Sandisk Corp is actively pursuing extended supply agreements with data center operators as AI-driven demand alters the dynamics of the NAND flash market, CEO David Goeckeler said Wednesday at Bernstein's TMT Forum. The company is working to replace the industry's conventional quarterly pricing focus with multi-year arrangements that provide both demand visibility and commercial attractiveness.
Goeckeler described the evolution of these deals from short-term price negotiation tools into mechanisms designed to guarantee supply as data center customers increasingly dominate NAND consumption. Sandisk now expects the data center segment to be the largest market for NAND flash in calendar 2026, a shift reflected in the company’s internal growth forecasts, which have risen from mid-20% to mid-to-high 60% over two forecast cycles.
Operationally, the company said the transition is already visible in recent results. Sandisk reported a 64% sequential increase in data center sales in the latest quarter, following a prior period that showed low-to-mid 20% growth. Those trends, management said, are driving a need for more predictable supply arrangements.
Hyperscalers are providing demand forecasts stretching into 2028, prompting Sandisk to negotiate contract terms that range from one to five years. Goeckeler emphasized the dual objective of securing attractive economics while ensuring business sustainability. He said management plans to construct a mix of fixed and variable pricing structures so the portfolio can perform under differing market conditions.
CFO Luis Visoso added that allocation priority during tight supply periods will favor customers willing to commit on longer time horizons, while customers that opt to maintain quarterly negotiations may encounter constrained availability.
On capacity and technology roadmaps, Sandisk reaffirmed its investment plan targeting mid-to-high teens bit growth. The company expects to exit fiscal 2026 with BiCS8 as its predominant technology node. Goeckeler addressed market speculation about accelerating BiCS10 deployment, stating that existing capacity plans are sufficient and that the company is not moving up BiCS10 acceleration to meet demand.
Sandisk reported holding roughly 25% share in the edge computing market and said it is broadening its enterprise solid-state drive portfolio. The company is qualifying new enterprise SSDs with hyperscalers, including a 128 terabyte QLC drive codenamed Stargate, which has not yet begun revenue shipments.
In parallel, Sandisk is developing a high-bandwidth flash technology in collaboration with SK Hynix aimed at inference workloads in AI applications. Management described the technology as offering 10 times the density of alternative approaches. Sandisk expects prototype dies to be available by late 2026, with customer testing systems coming approximately one year later.
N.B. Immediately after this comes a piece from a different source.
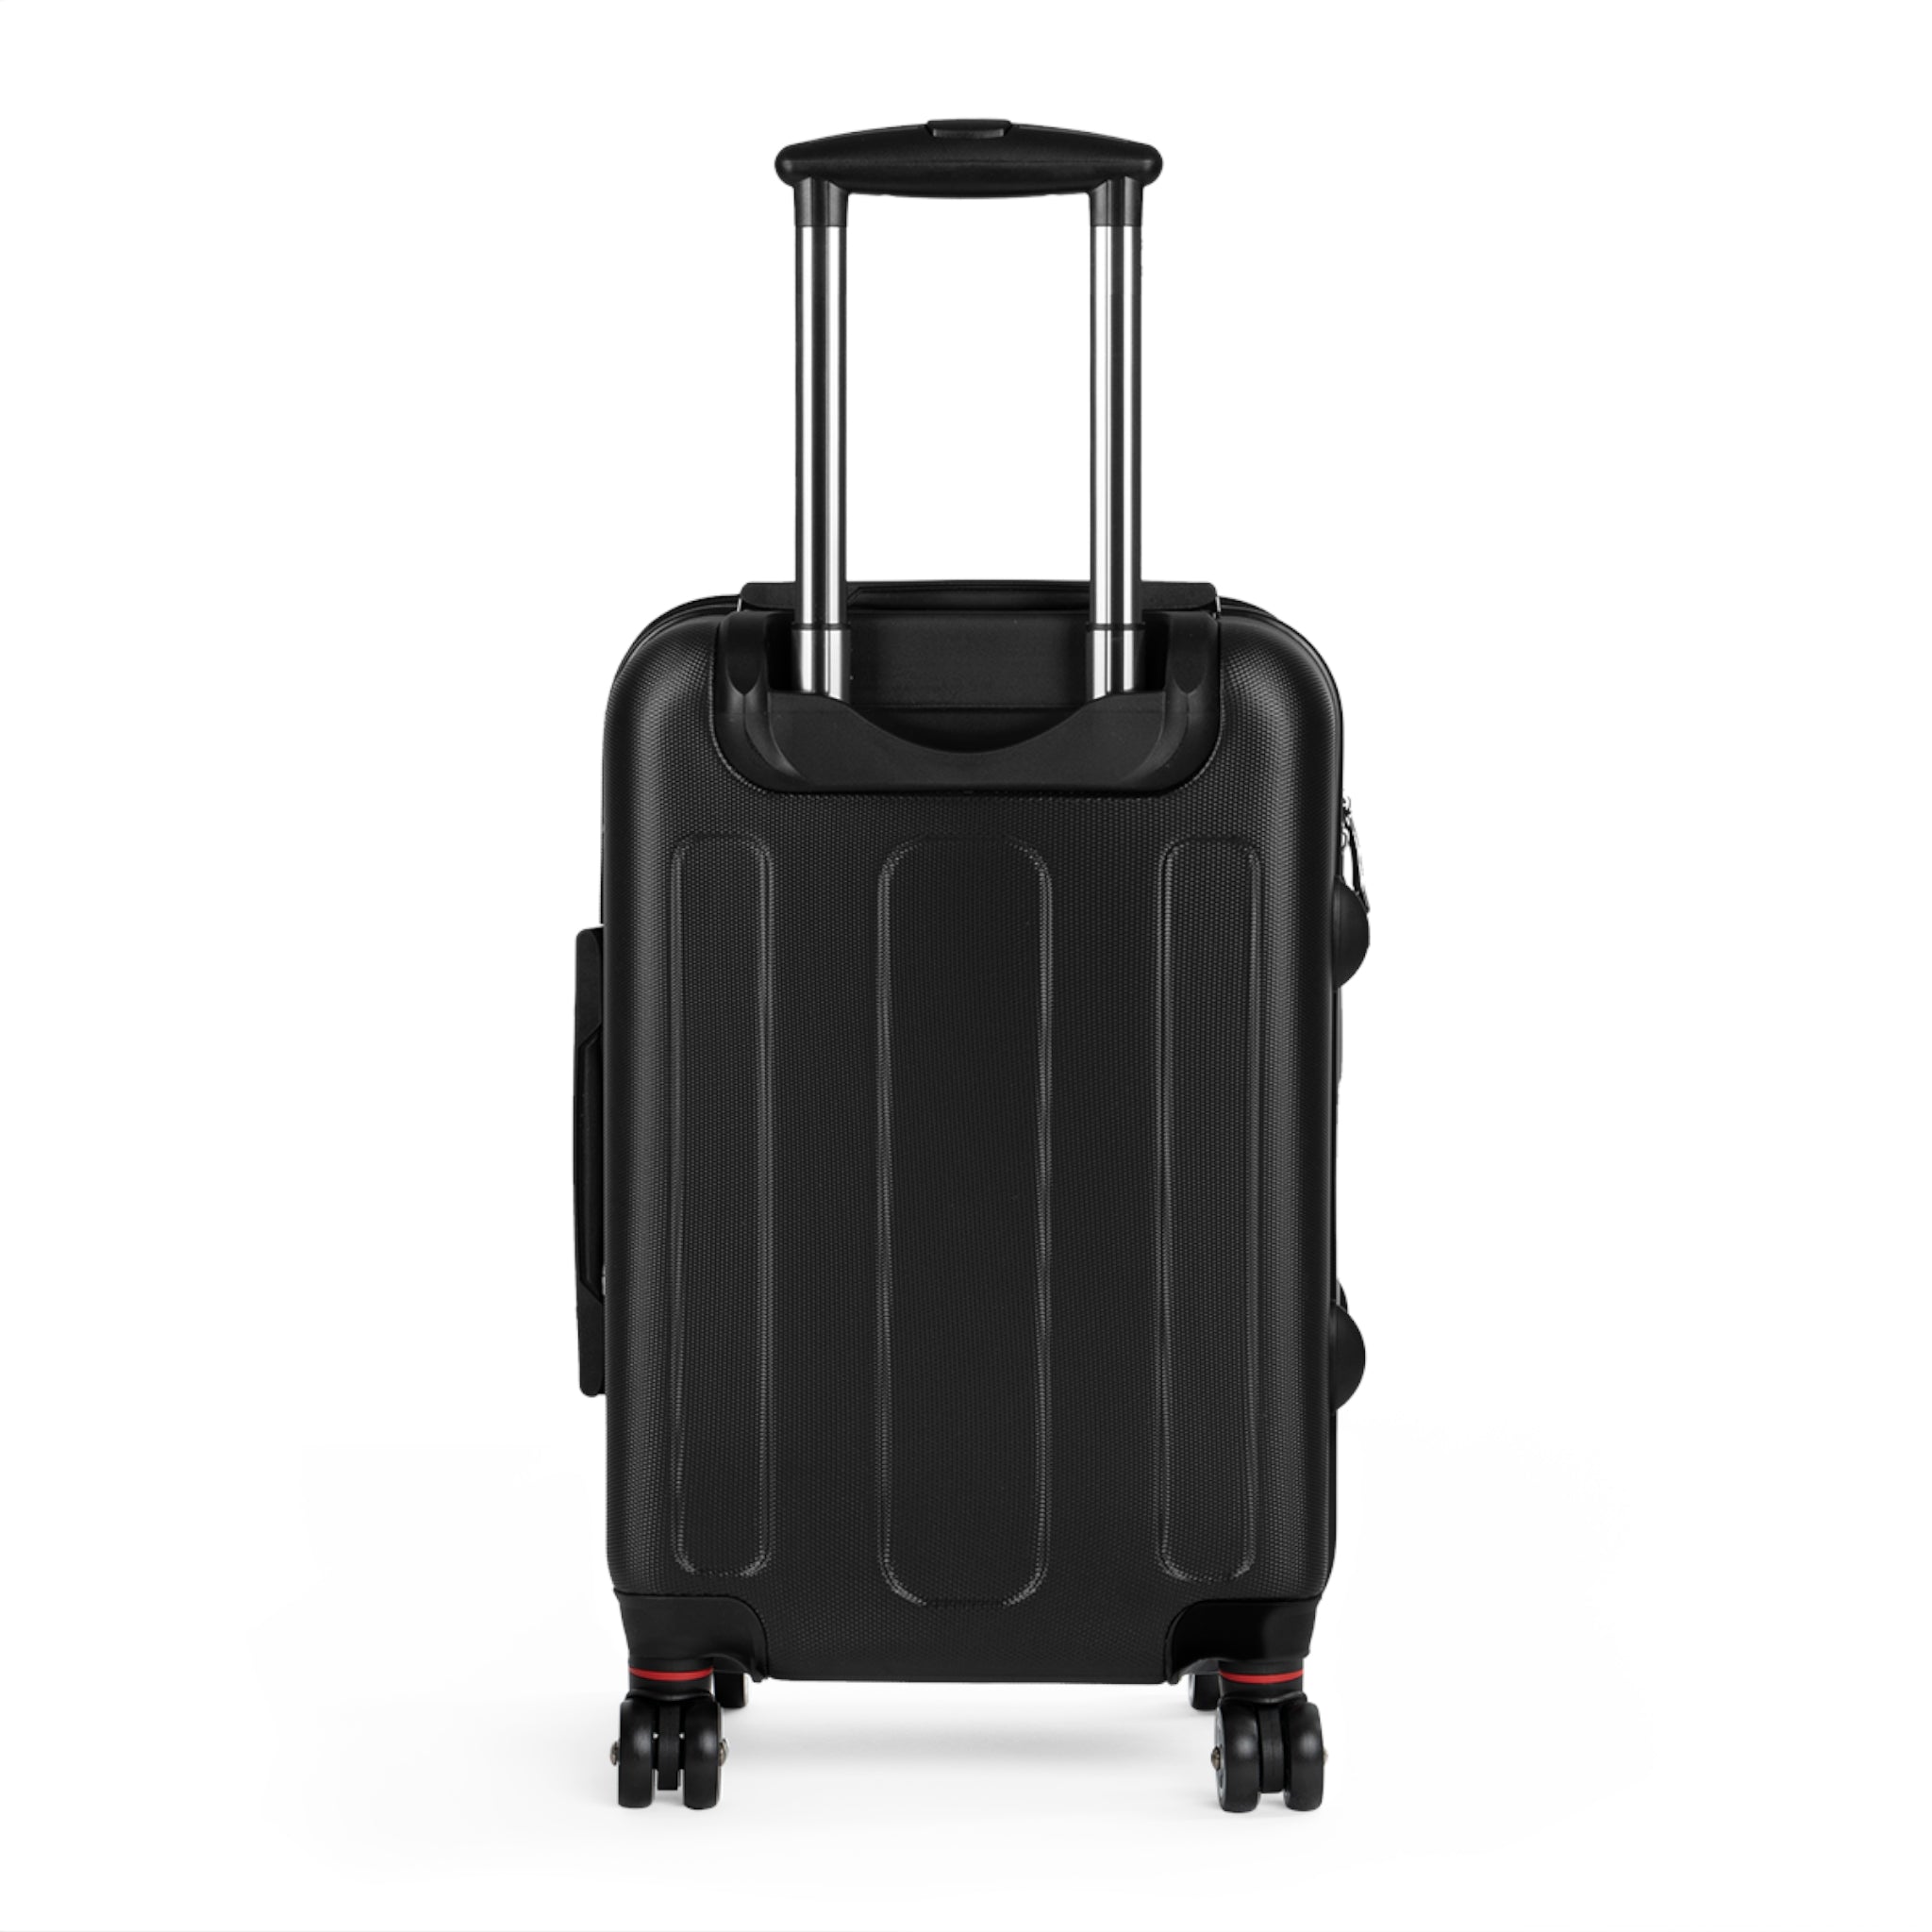 Meta Suitcase

To secure manufacturing throughput, Sandisk extended its joint venture with Kioxia for an additional five years, locking in capacity through 2034. Management said the extended partnership allows Sandisk to invest in research and development at levels comparable to the largest market-share competitors while preserving cost leadership.
The company’s strategic moves - pursuing multi-year contracts, refining its product pipeline and extending manufacturing partnerships - reflect a concerted effort to align commercial terms and capacity with the changing demand profile driven by AI workloads. Management’s comments underline a deliberate push to balance supply assurance for hyperscalers with financial discipline across market cycles.